OFFENCES
AFL Regulations · Section 16, 17, 19, 20

Offences & Tribunal

Reportable offences, the match review panel, the tribunal, and the appeals process that decides suspensions.

A reportable offence is any on-field act that the AFL's match review panel deems worthy of a sanction. The system grades each incident by conduct, impact, and contact — then hands down a fine, a week, or sends the player to the tribunal to plead their case.

Reportable offences

Regulation 16 lists the categories of conduct that can be reported: striking, kicking, tripping, wrestling, engaging in rough conduct, making forceful contact to the head, charging, and making unreasonable or unnecessary contact with an umpire — among others. The list is long, because the game produces a wide variety of incidents that require adjudication.

A Player or Official shall be guilty of a Reportable Offence if they engage in any of the conduct set out in this Regulation 16.

Match Review Officer

The Match Review Officer (MRO) reviews all reportable incidents after each round and classifies them using the Conduct × Impact × Contact matrix. Each category carries a grading — intentional, careless, or accidental for conduct; severe, high, medium, or low for impact; and high, body, or groin for contact.

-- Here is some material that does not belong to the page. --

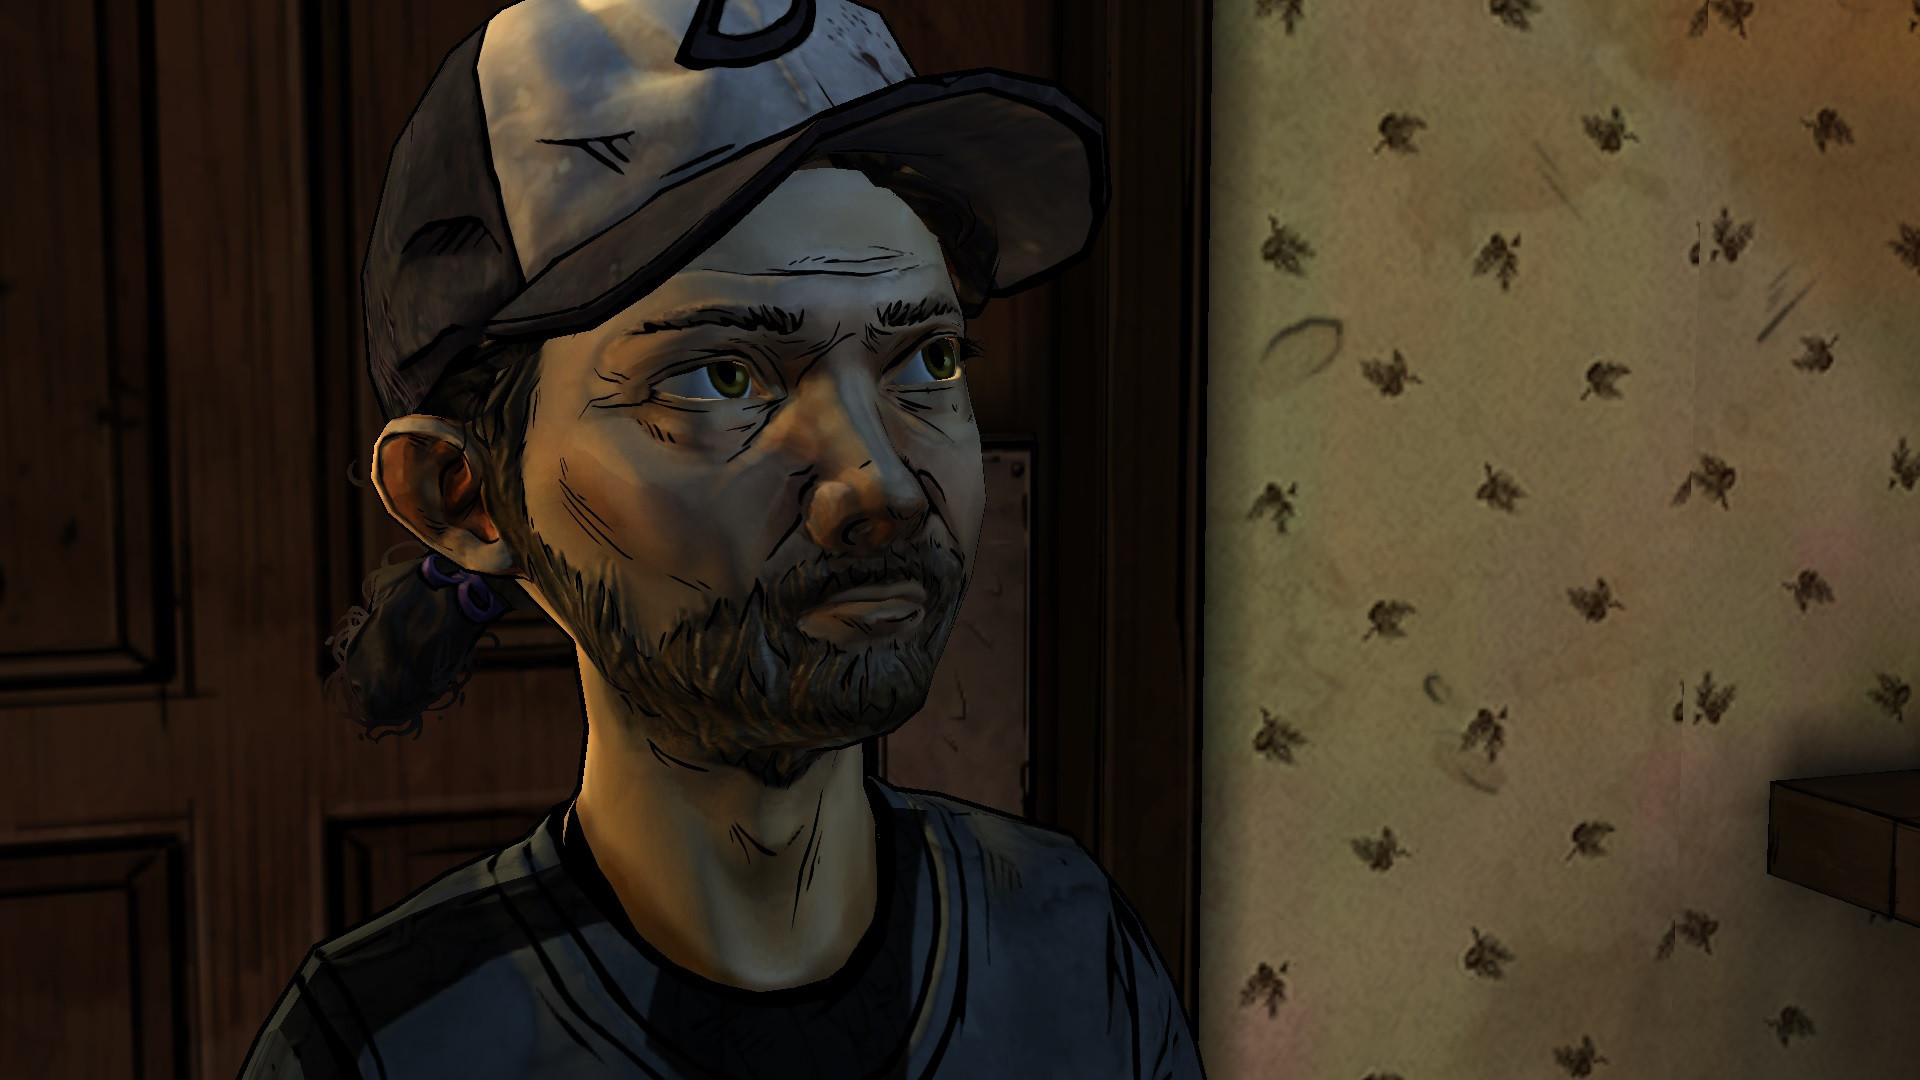 1920x1080 Found this one the walking dead wiki. Someone's been busy model swapping.
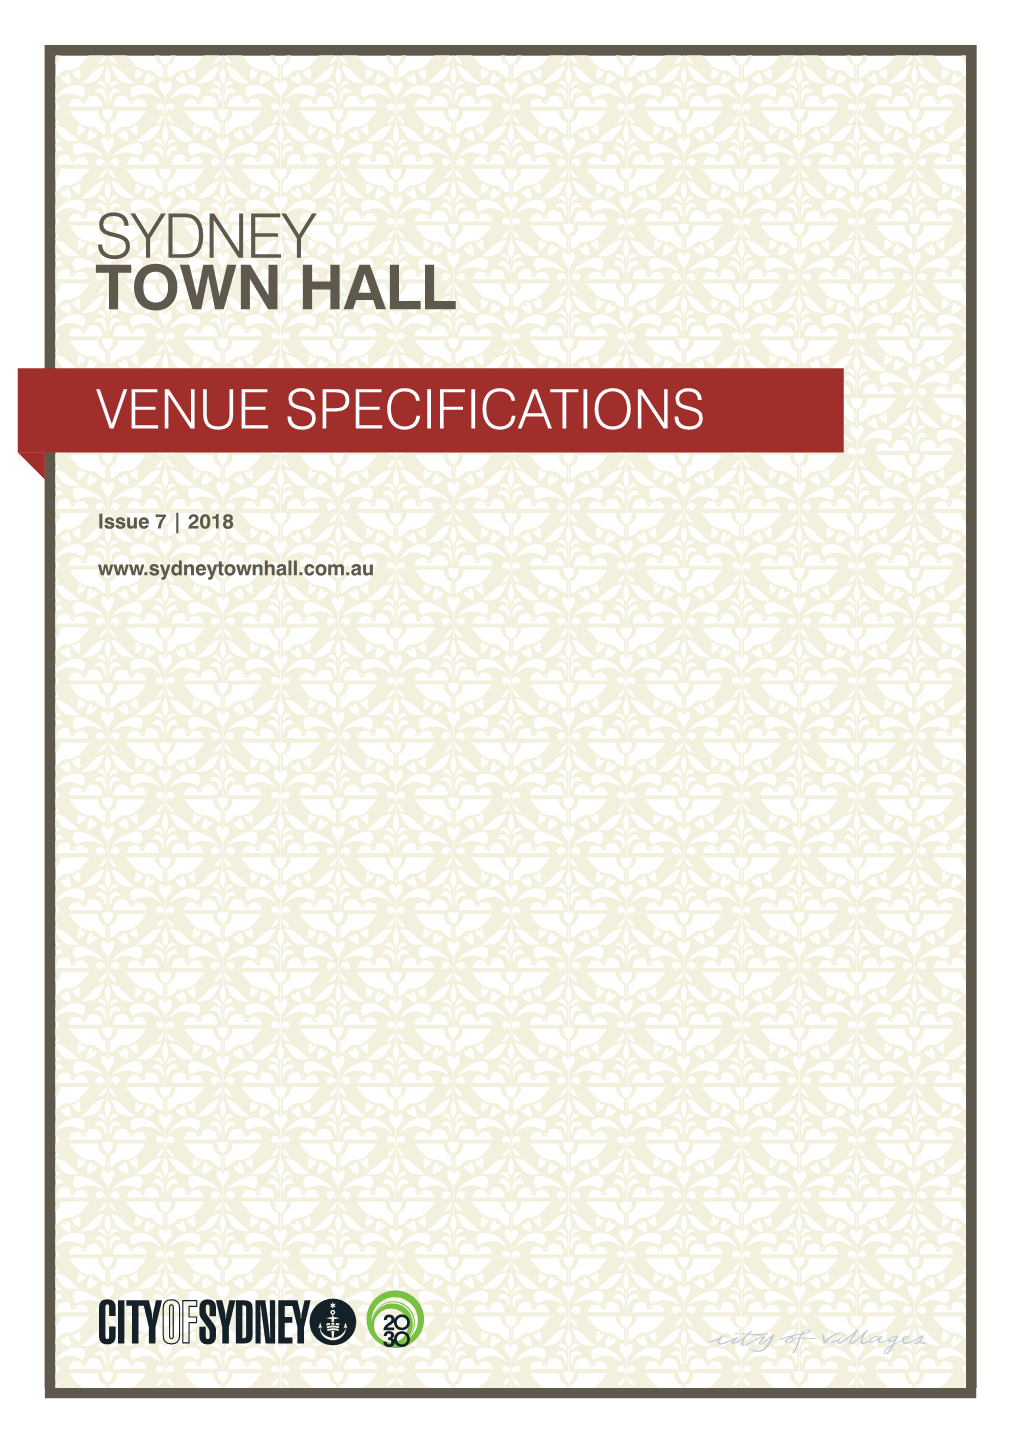 Sydney Town Hall Venue Specifications Document Is a Comprehensive Guide to Organising an Event at the Sydney Town Hall

The combination of gradings produces a financial sanction or a suspension. A player can accept the MRO's proposed penalty (usually with an early plea discount) or challenge it at the Tribunal.

The Match Review Officer shall consider the conduct, impact and contact of the Reportable Offence in determining the appropriate sanction.

The Tribunal

The AFL Tribunal (Regulation 19) is the adjudicating body that hears contested charges. It comprises a chairman and a panel of three — typically former players — who consider evidence, video, and submissions from both sides. Decisions are made on the balance of probabilities, a lower standard than criminal "beyond reasonable doubt".

A player who challenges an MRO sanction and loses at the tribunal typically loses their early plea discount, meaning the penalty can increase if the challenge fails. That risk is why many players accept the MRO offer even when they believe the grading is harsh — the cost of losing at the tribunal is a longer ban.

Appeals

Regulation 20 allows a Tribunal decision to be appealed to the AFL Appeals Board. Appeals are heard on a restricted set of grounds: an error of law, a decision that no reasonable tribunal could have reached, or a manifestly excessive or inadequate penalty. An appeal is not a re-hearing of the facts — the appeal board works from the tribunal's record.

The appeals process has historically resulted in few sanctions being overturned, but high-profile cases — Jeremy Cameron in 2021, Toby Greene in 2022 — have produced reversals and reduced suspensions when the original decision was deemed legally flawed.

Suspensions and fines

Sanctions range from a financial penalty at the low end to lengthy suspensions at the severe end. A one-match ban for a careless head-high bump is common. A multi-week ban typically follows contact classified as "intentional" or "severe impact". Suspensions for striking an umpire are among the heaviest the code imposes (Regulation 18).

Any Player who engages in making forceful contact with an Umpire shall be dealt with by the Tribunal.

Carry-over demerit points

Fines, when incurred, can accumulate across a season. A player who has been sanctioned multiple times may face an escalated penalty on a subsequent offence even if the new incident is relatively minor. The system is designed to deter repeat offenders and discourage the "cheap shots" that fall just below a suspension threshold on their own.

Key terms

Reportable offence
Any on-field act classified as worthy of review under Regulation 16.
MRO
Match Review Officer. Reviews all incidents after each round and proposes sanctions.
Conduct × Impact × Contact
The three-axis matrix used to grade reportable offences.
Early plea discount
A reduced penalty offered to players who accept the MRO's proposed sanction without challenging it at the tribunal.
Appeals Board
Body that reviews tribunal decisions on restricted legal grounds.